Salon Writer: Those Raising Free Speech Concerns in Student Protests Want to Assert ‘White Privilege’

Speaking on MSNBC’s All In Thursday night about the ongoing protests on college campuses over race, Salon writer and Rutgers University professor Brittney Cooper asserted that the real focus of the discussion should about how black students supposedly feel “physically and emotionally unsafe on these campuses” and those raising concerns about “the threat to freedom of speech” really just want to assert their “white privilege.”

Cooper debated Greg Lukianoff of the Foundation for Individuals Rights in Education and largely tried to discredit his points. First, Cooper took issue with how “young black students are saying to us that surveillance is a threat to them and so they’re not talking about trying to limit the press or trying to limit freedom of expression.”

Instead, she declared that “they’re trying to figure out how you have social movements in which black students are hypersurveilled on these campuses and are hypervisible and also where media coverage of these stories is usually quite hostile to these students.”

Cooper then denounced the “ridiculous conversations....about freedom of speech, when these students are really asking us about what it means to be physically and emotionally unsafe on these campuses.” Referring to critics, the lefty blogger maligned them as “extremely intellectually dishonest to assume or act that is the conversation we’re trying to have.”

When Hayes gave Lukianoff a chance to respond, he pointed out to Cooper that he’s been “fighting for campus free speech for my entire career, going back to 2001 and we've been defeating the kind of things that would have made the protests at Missouri and at Yale impossible, including free speech zones.”

Lukianoff also specifically addressed Cooper’s claim that individuals such as him are “intellectually dishonest”: “So, if I think we just say, free speech is a diversion, no, you've been missing the fight that's been going on for decades now.”

As opposed to trying to find common ground, Cooper continued the race baiting and shot back that “[t]he problem is that you're making an argument, sir, that free speech is the most fundamental concern here” as “African-American folks have always had to fight for our rights to enjoy all of these freedoms and so, we value them just like you do.”
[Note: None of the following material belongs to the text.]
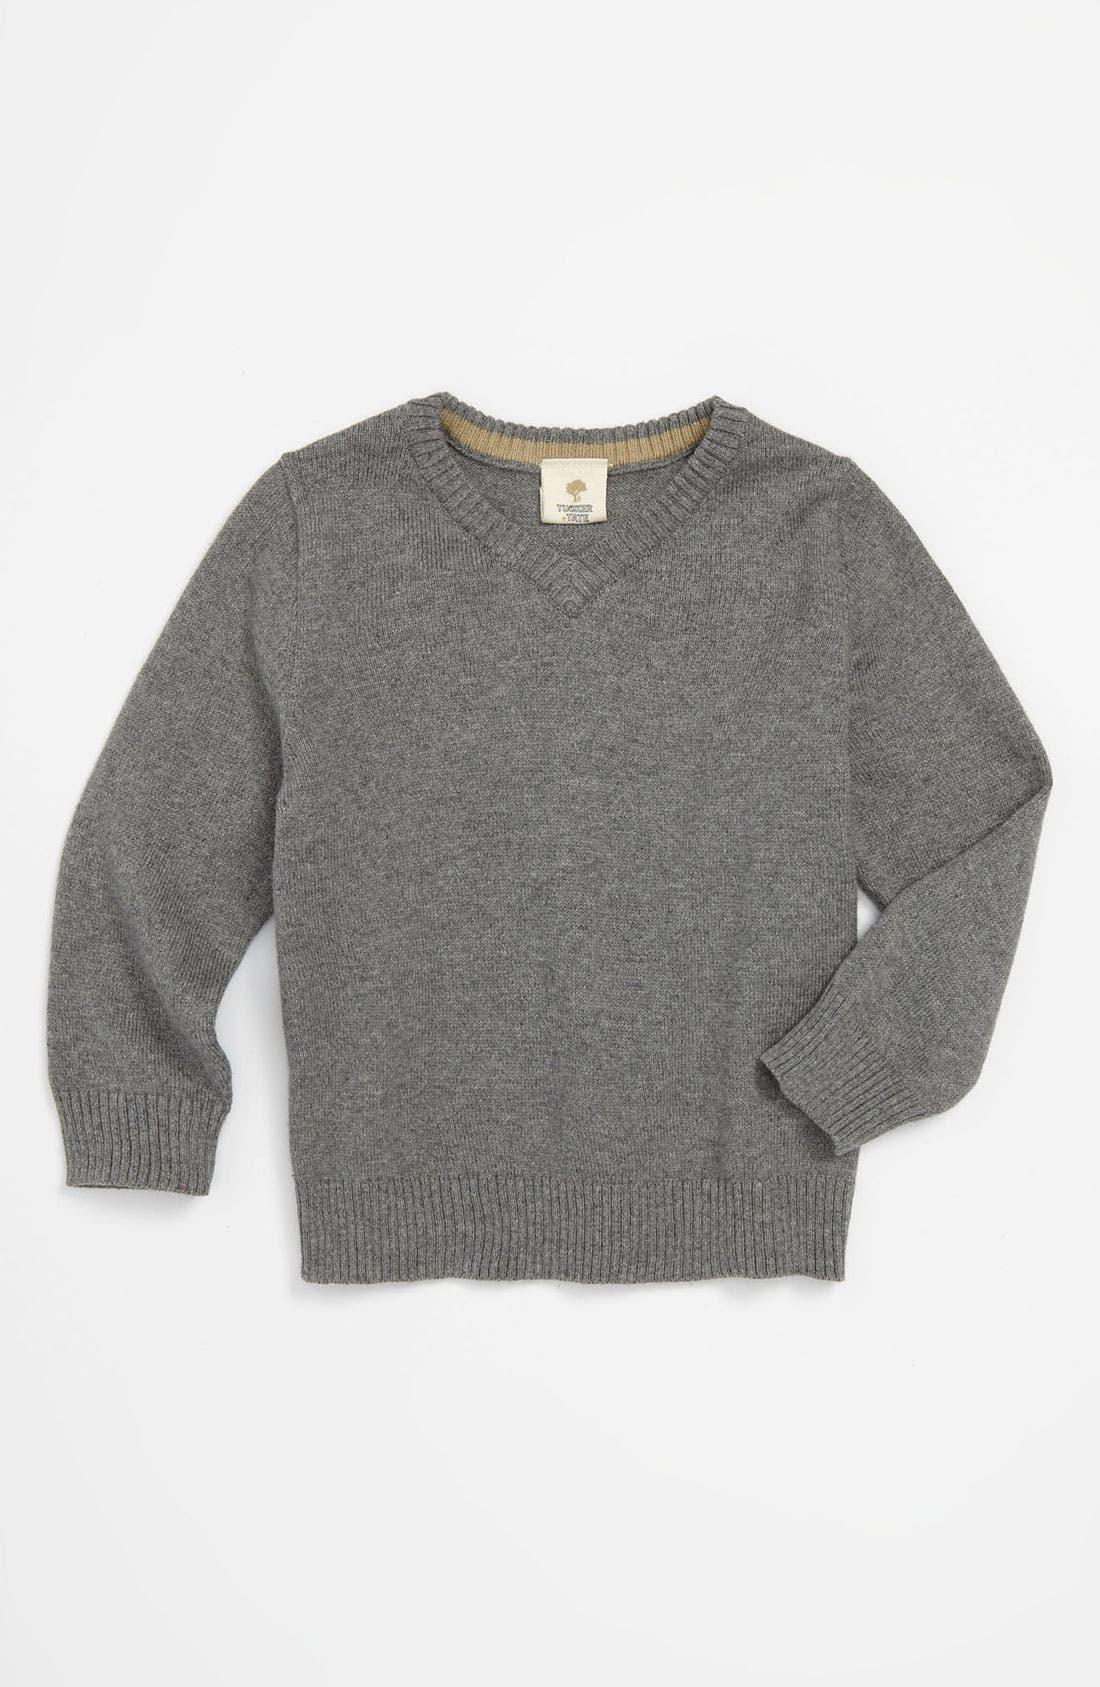 Main Image - Tucker + Tate 'Atticus' Sweater (Toddler)

Cooper used the rest of her response to highlight the tired liberal line of whining about “white privilege” being the thorn in the side of humanity [emphasis mine]:

[B]ut there is something that is as fundamental to the right to free speech, and that's the right to move through the world unharassed and so, what we have here is a complicated situation in which there's a white privilege in the ability to make this conversation about the threat to freedom of speech and it supplants our ability to have a more robust conversation about the threat to move through the world in an African-American or black body without being harassed and so, that is the conversation I want folks to be having.

The relevant portion of the transcript from MSNBC’s All In with Chris Hayes on November 12 can be found below.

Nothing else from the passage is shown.